Im Mittelalter hatte man die Vorstellung bzw. Theorie, dass z.B. nicht getaufte Menschen - die Taufe war ein erforderliches Zeugnis des Glaubens an Jesus und den Herrn und somit notwendig zur Erlösung von der Erbsünde, die Jesus für uns auf sich genommen hat - nach dem Tod in den s.g. "Limbus" übergehen.
Diese Theorie betraf v.a. Menschen, die vor dem Tod Jesu bereits verstorben waren (Limbus Patrum) und vor, während oder kurz nach der Geburt verstorbene Kinder (Limbus Infantium).
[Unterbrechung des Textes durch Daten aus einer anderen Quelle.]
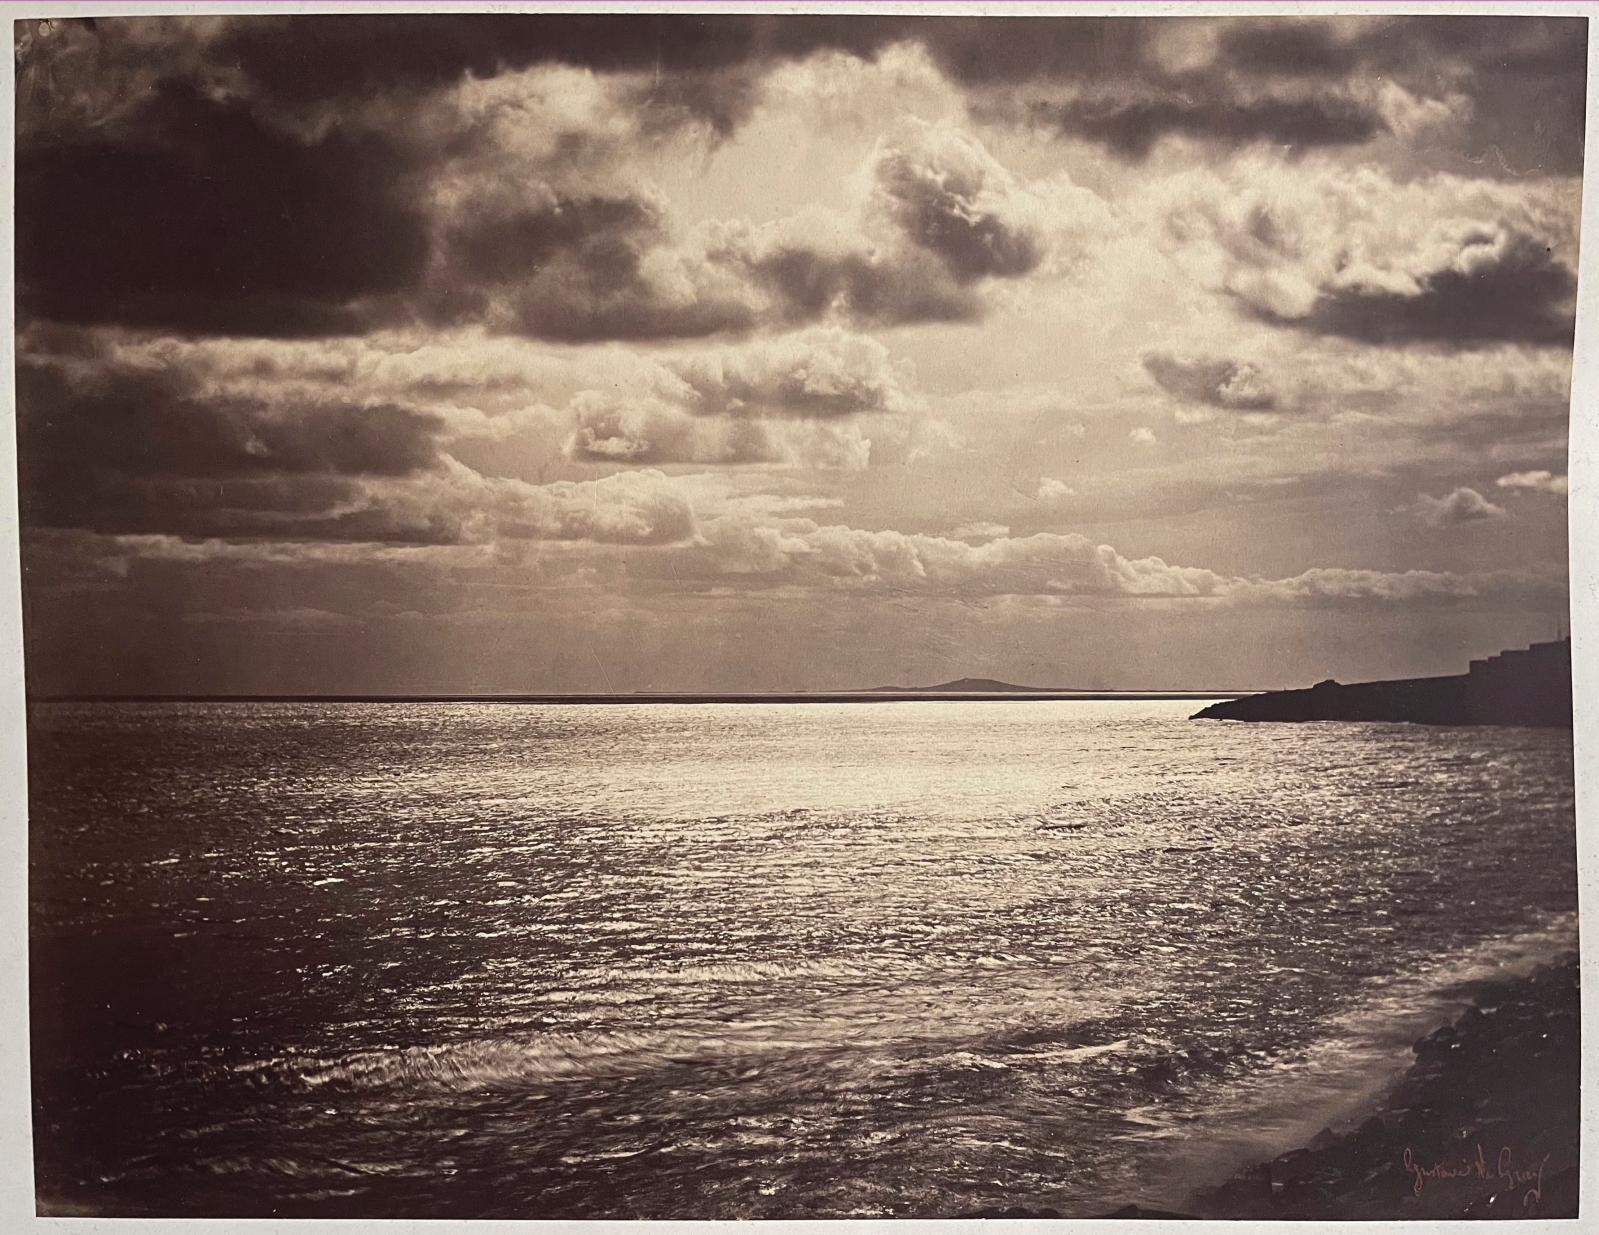 Gustave Le Gray (1820–1884), La Mer Méditerranée à Cette [Sète] (The Mediterranean Sea at Cette [Sète]), 1857, albumin print, red signature stamp and dry stamp on the mount, label with the title, 32.1 x 41.7 cm/12.64 x 16.42 in. Estimate: €15,000/20,000

Es gab die Vorstellung, dass diese Personen, weil sie nicht durch eigenes Verschulden keine Taufe erhalten hatten, deshalb zwar nicht zu Gott ins Paradies eingehen können in die Glückseligkeit, aber im s.g. Limbus über der Hölle eben auch nicht körperlich leiden müssen. Andere Vorstellungen gingen von einer "natürlichen Glückseligkeit" aus. Es gab auch die Überlegung, ob die Seelen nicht vielleicht psychisch leiden, weil sie eben im Limbus nicht bei Gott sein können.
Ein aktuelles Verständnis verneint aber solche Vorstellungen; in der Bibel finden sie sich auch nicht. Es waren nur (weithin anerkannte) Theorien damaliger Theologen, z.B. von Thomas von Aquin oder dem wichtigen Kirchenvater Augustinus von Hippo.
Dante hat den Limbus Patrum in seiner "Göttlichen Komödie" verarbeitet - vor dem Eingang zur Hölle trifft er auf eine ganze Reihe an Dichtern, römischen/trojanischen Figuren, Philosophen und Theoretikern, die sich im s.g. Limbus, in der "Vorhölle" befinden, z.B.:
"Als ich die Brauen hob ein wenig höher, sah ich den Meister derer, die da wissen (gemeint ist Aristoteles), in einem Kreis von Philosophen sitzen. Alle bewundern ihn, es ehrt ihn ein jeder. Dort konnte ich Sokrates und Plato sehen, wie sie ihm vor allen anderen nahestanden. Demokritus, für den die Welt ein Zufall, Diogenes, Anaxagoras und Thales, Empedokles und Heraklit und Zeno. Ich sah den, der die Eigenschaften kennt, ich meine Dioskurides und Orpheus, und Tullius (gemeint ist Cicero), Linus, Seneca den Weisen, Euklid, den Geometer, Ptolemäus, Hippokrates, Galen und Avicenna, Averroes, den grossen Kommentator."
Ist meine Lieblingsstelle von Dante - fasst im Endeffekt die gesamte Grundlage der Philosophiegeschichte des Spätmittelalters und der Renaissance zusammen.